Tout le monde, ou à peu près, a vu du Feydeau un jour ou l'autre. Avec Sacha Guitry et Willy (le premier mari de Colette), ils sont au début du 20e siècle ce que dans une certaine mesure nos humoristes peuvent représenter maintenant : des commentateurs et observateurs de la société bourgeoise de l'époque, possédant tous les trois un esprit de répartie fort amusant, osant des blagues sur la sexualité qui en faisaient rougir plus d'un et se plaisant également à dénoncer une certaine hypocrisie caractéristique de cette nouvelle classe sociale qui s'était vite enrichie et qui ne possédait pas le raffinement et la sophistication de l'ancienne aristocratie. Mais voilà, seul Feydeau est toujours joué au théâtre, les autres ayant été peu à peu oubliés (mais pas par moi) et Un fil à la patte ou Le dindon (monté au TNM en 2012) remplissent toujours les salles.
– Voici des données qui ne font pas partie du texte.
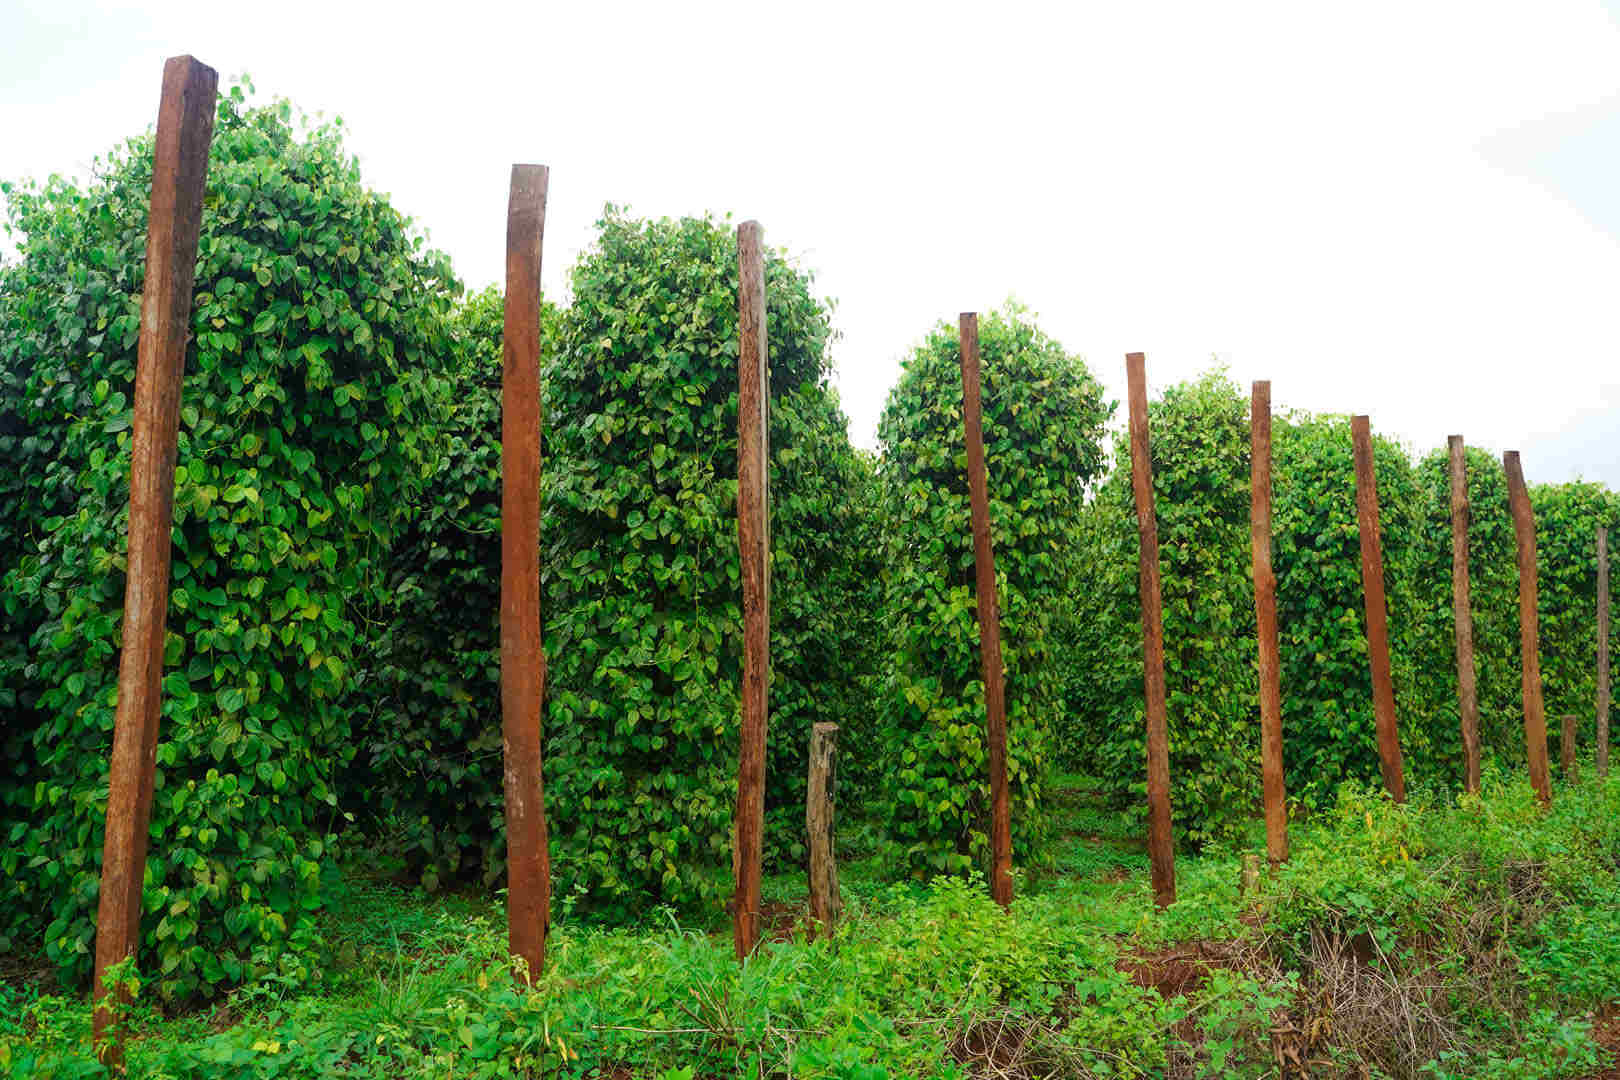 Pepper vine must climb on tall pillars over 4 meters to gain more space and sunlight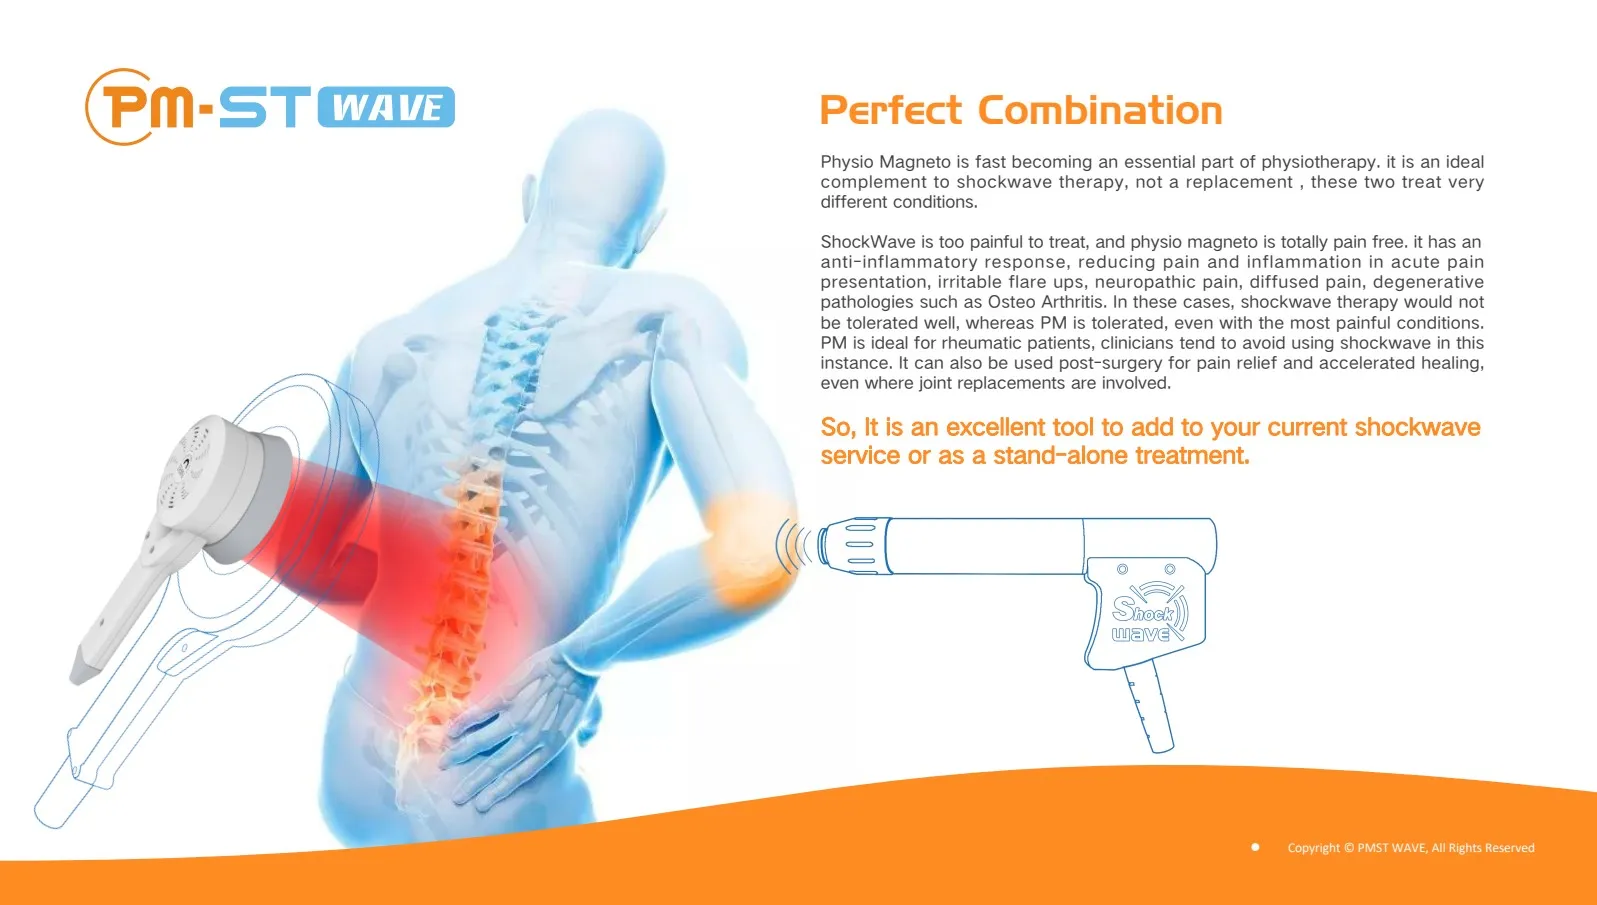 3 IN 1 Physio Magneto +NIRS SHOCKWAVE Pain Relief device

L'idée ici avec Le prince des jouisseurs est d'avoir créé une pièce qui fonctionne avec la même mécanique éprouvée que Feydeau lui-même utilisait: des situations cocasses qui n'ont aucun sens, des déboires conjugaux d'où d'ailleurs les femmes sortent la plupart du temps triomphantes, des portes qui claquent, des personnages qui ne devraient pas se trouver là cachés derrière le rideau ou sous le lit, l'incident inattendu et la réplique assassine. La différence c'est que Gabriel Sabourin a ajouté à son texte une dimension de profondeur et de réflexion sur la vie de ce jouisseur impénitent et un revirement à la fin qui se révèle véritablement touchant. Bref, du Feydeau amélioré.

Le décor de Jean Bard répond à tous les critères du vaudeville : une chambre d'hôtel banale où réside Feydeau entre deux virées sur les grands boulevards où, dit-il, il va chercher son inspiration. Bard a eu la bonne idée de mettre des toiles d'impressionnistes sur le mur, car Georges Feydeau était un collectionneur, peut-être pour compenser le fait qu'il se considérait comme un peintre raté. La mise en scène de Normand Chouinard, un familier de Feydeau, fonctionne au poil avec ce qu'il faut de performance physique de la part des comédiens. Et ces derniers sont tous très bons.

Alain Zouvi, inoubliable en Feydeau, incarne superbement cet homme au bord du précipice qui n'a jamais su mettre un frein à ses désirs, à sa consommation d'alcool et de femmes, et qui commence à le payer très cher. Jonathan Michaud, en fils banquier frustré de ce père flamboyant, est fantastique. Il résume son drame en disant qu'il n'est qu'une crotte de caniche sur le trottoir des boulevards où son géniteur a triomphé. Et, comme l'observe Feydeau senior, il a le désespoir amusant. Gabriel Sabourin, non content d'avoir écrit le texte, joue avec brio le tragédien Sicard, jaloux des succès d'un auteur qu'il juge futile et superficiel. Geneviève Rioux incarne l'épouse divorcée avec un panache qui n'appartient qu'à elle et avec de merveilleuses robes, créations de Suzanne Harel. Hélène Mercier se révèle indispensable en femme de chambre au prénom de fleur interchangeable et Frédéric Desager nous fait bien rire en vieillard libidineux qui perd tous ses moyens et retrouve ses quinze ans (!) à la vue de la charmante Sofia Sévignie (Marie-Pier Labrecque), une infirmière en réorientation de carrière qui n'a de yeux que pour Feydeau. Tout ce beau monde se démène, se propulse, s'agite sur scène d'imbroglios en quiproquos pour notre plus grand plaisir.

Mais ce n'est pas qu'une brillante imitation de Feydeau. Le texte finement écrit, excellemment confectionné et intelligemment charpenté de Gabriel Sabourin va plus loin que la simple anecdote qui fait rire un public avide de divertissements. Il y a à la fin une véritable réflexion sur la vie, l'amour, la mort qui nous ramène au destin tragique de ce dramaturge décédé à 58 ans des conséquences de la syphilis et qui a vécu toute sa vie avec une légèreté quasi insoutenable. Prince des boulevards, Prince des jouisseurs, Prince des humanistes, Feydeau se révèle ici aussi moderne et pertinent qu'il y a plus de 100 ans.